During a virtual meeting on 26 March 2021 Yieldpoint was told that Kimura would pay Yieldpoint back on 31 March 2022, unless Yieldpoint decided to continue participating.

v)

On 30 March 2021 Yieldpoint amended the draft Special Conditions by reducing the notice period for Yieldpoint to extend its participation from 90 days to 45 days (accepted by Kimura and reflected in the executed MTV Participation), explaining that this was to match the redemption period of its own investors, so Yieldpoint would not have to “end earlier just to be safe”.

The MTV Participation

16.

After referring to the MPA and the Facility, the MTV Participation followed the template in providing that:

“This is an Offer, as such term is defined in the [MPA].

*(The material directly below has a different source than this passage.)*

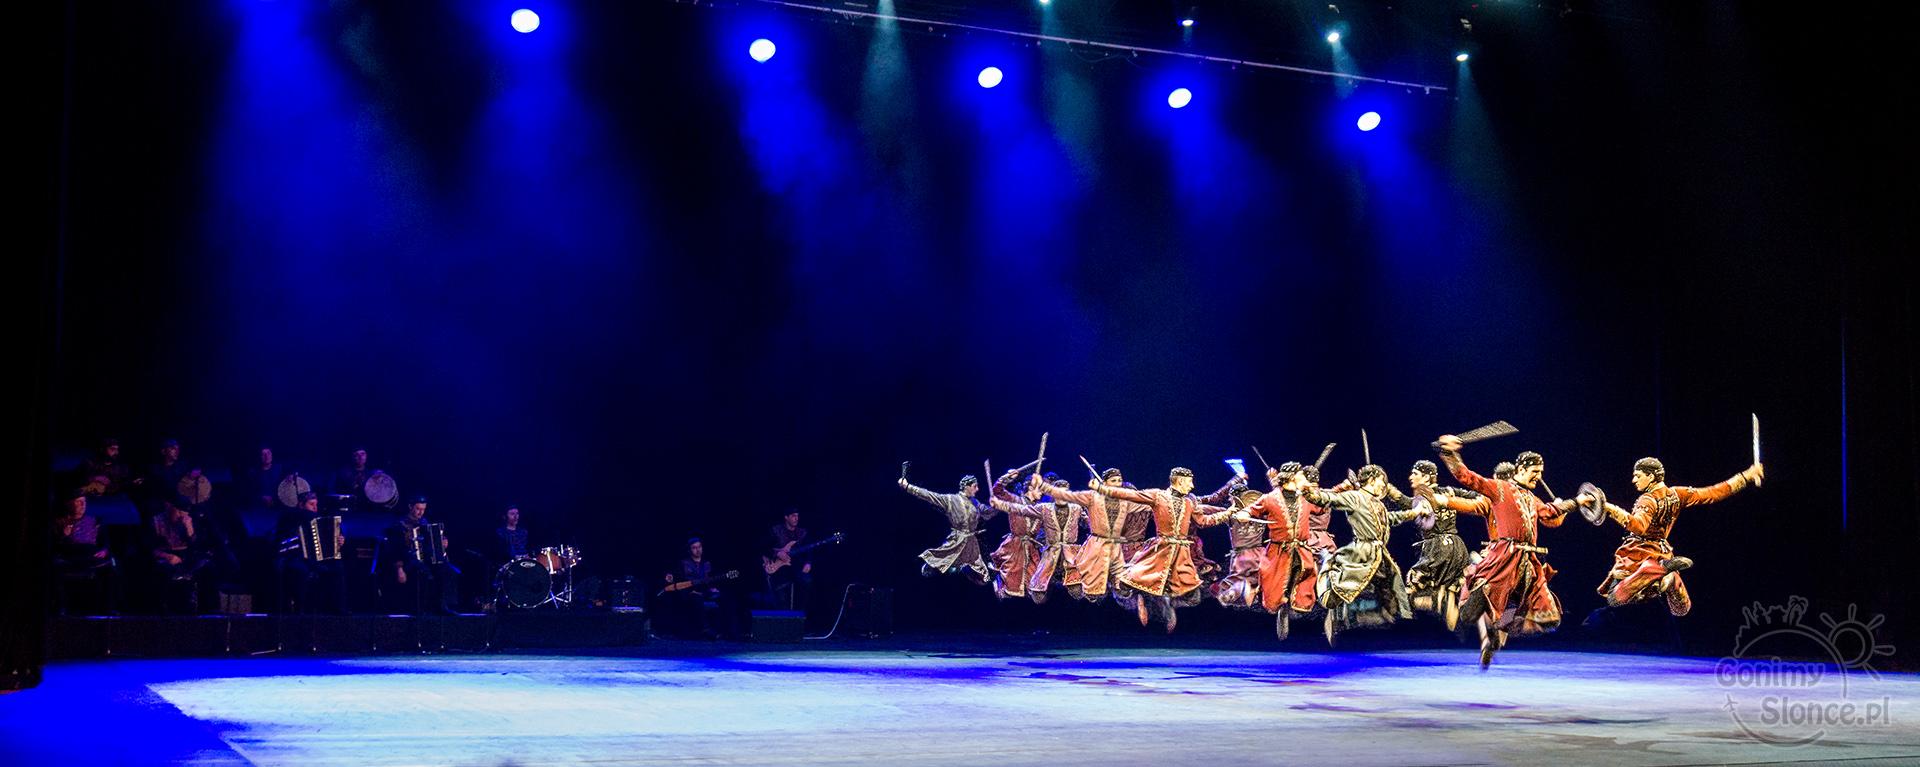 Narodowy Balet Gruzji Sukhishvili 08 blog kulturalny

In this Offer, unless indicated otherwise, definitions from the [MPA] apply. All relevant terms of the [MPA] as at the date of this Offer will apply to any Participation Agreement concluded pursuant to this Offer as if those terms were set out here in full, with the necessary changes.

For the avoidance of doubt:

-

the express terms of this Offer will override or modify any conflicting or inconsistent terms in the [MPA].”

17.

In tabular form, the MTV Participation confirmed that the Participation Amount was US$5m, and that the Participation Percentage was “22.22% of Overall USD 22,500,000 Facility”. The “Start Date of Transaction” was 5 November 2020 and the “Start Date of Participation” was 1 April 2021.

18.

Additional lines of the table, not in the template, provided:

“Maturity Date of the Participation 31st March 2022

…..

Number of days of the [Participation] (Footnote: 1) 364 days”

19.

Special Conditions were inserted to provide for renewal of the investment as follows:

“Participant to advise the Seller of its intention to renew the Participation Amount 45 days prior to the Maturity Date of the Participation – i.e. no later than 15th February 2022.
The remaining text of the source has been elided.